- Interactive map of Mohadi
- Coordinates: 21°18′30″N 79°40′30″E﻿ / ﻿21.30833°N 79.67500°E
- Country: India
- State: Maharashtra
- Region: Vidarbha
- District: Bhandara
- Taluka: Mohadi

Government
- • Type: Nagar panchayat
- • Body: Mohadi Nagar panchayat

Area
- • Total: 3 km^{2} (1.2 sq mi)

Population (2011)
- • Total: 9,635
- • Density: 3,200/km^{2} (8,300/sq mi)

Languages
- • Official: Marathi
- Time zone: UTC+5:30 (IST)
- PIN: 441909
- Telephone code: 07197
- Vehicle registration: MH-36
- Nearest city: Bhandara, Tumsar, Nagpur
- Sex ratio: 975:1000 ♂/♀
- Literacy: 85%
- Lok Sabha constituency: Bhandara-Gondiya (Lok Sabha constituency)
- Vidhan Sabha constituency: Tumsar Assembly region

= Mohadi =

Mohadi is a town and headquarters of Mohadi taluka in Bhandara district in the state of Maharashtra, India. It is located on newly declared National Highway NH 543K which connects cities of Bhandara and Balaghat in Maharashtra and Madhya Pradesh respectively.
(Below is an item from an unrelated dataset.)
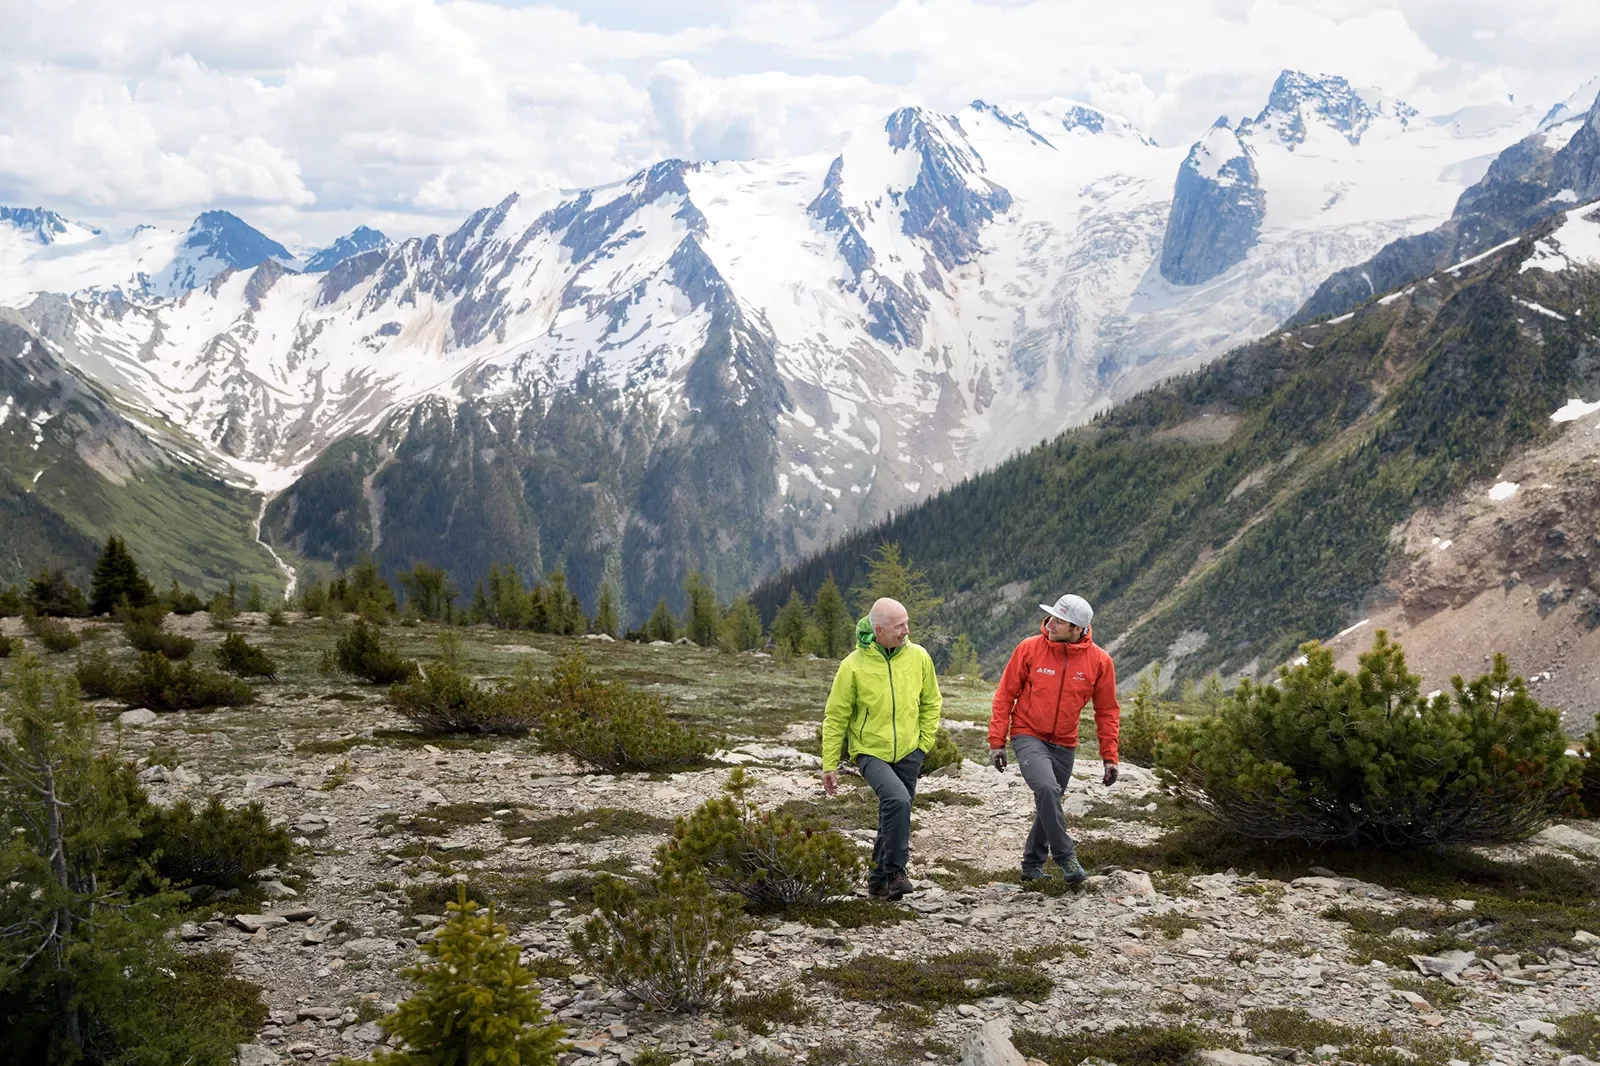 Two guests walking on hillside, Bugaboos in background.
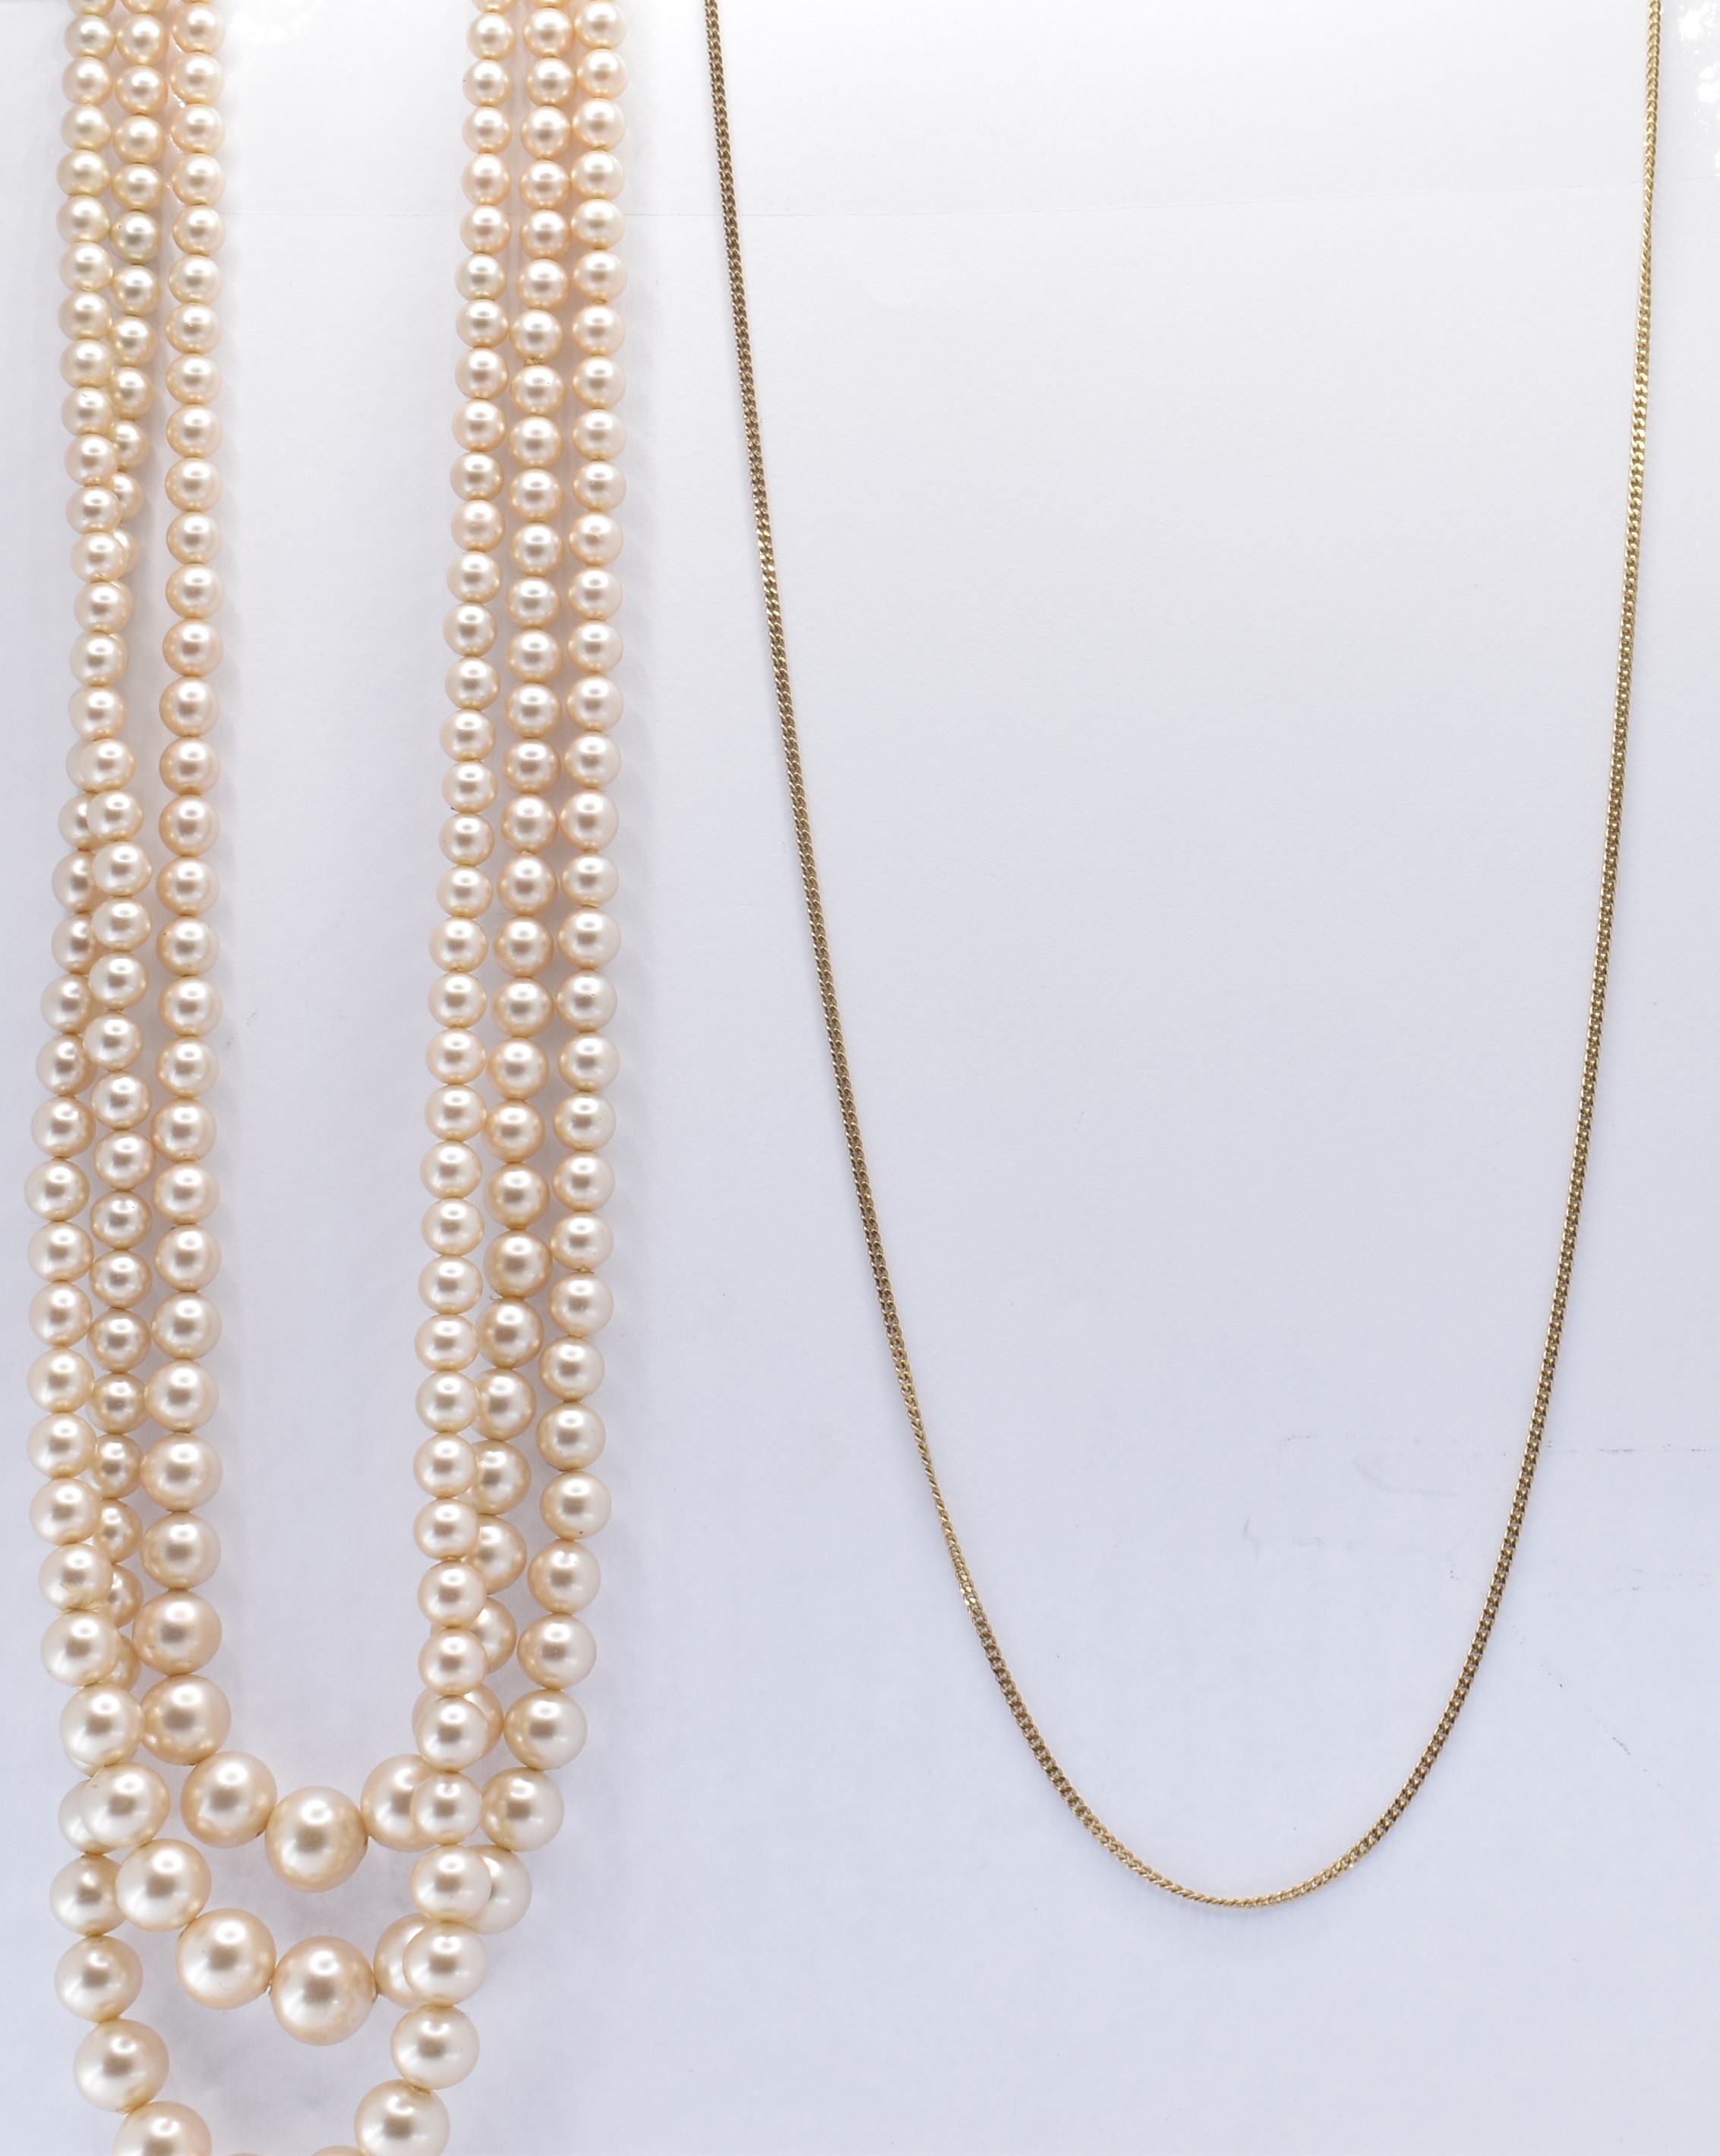 14CT GOLD NECKLACE CHAIN & CIRO PEARL NECKLACE - Image 3 of 8

Mohadi was created as Town council (Nagar panchayat) by amalgamation of Mohadi, Wadegaon and Kalamna villages in 2015.

There is the temple of Goddess Chandeshwari, which is a famous Hindu temple. This temple is about 350 years old. Both Nawratri festivals of the year are celebrated here. Lakhs of pilgrims visit the temple during Navaratri. The castes found in the Mohadi is Halba/Haldi, Teli, Kunbi and scheduled caste people, and very less proportion of Muslim. The language spoken is Marathi.

There are three junior colleges in Mohadi; Zilla Parishad Science and Art, Sulochana Devi Pardhi Science and Art, and Saraswati Art. There are three primary schools; Buniyadi Prathmik Shala, Anand Prathmic Shala and Kanya Prathmik Shala. There is civil and criminal court in Mohadi as it is taluka of Bhandara district. The colony area is known as civil line which is behind the Mohadi tehsil office. The administration of the town is handled by Nagar Panchayat. The main crop is paddy (rice) in the tehsil and it is coming as a good emerging town on Nagpur Tiroda-Gondia main road. Nearest railway station for this is Bhandara Road; also called as Warthi; its about 10 km from the town. The nearest airport is Nagpur airport which is about 90 km away. And it is well connected by roads too.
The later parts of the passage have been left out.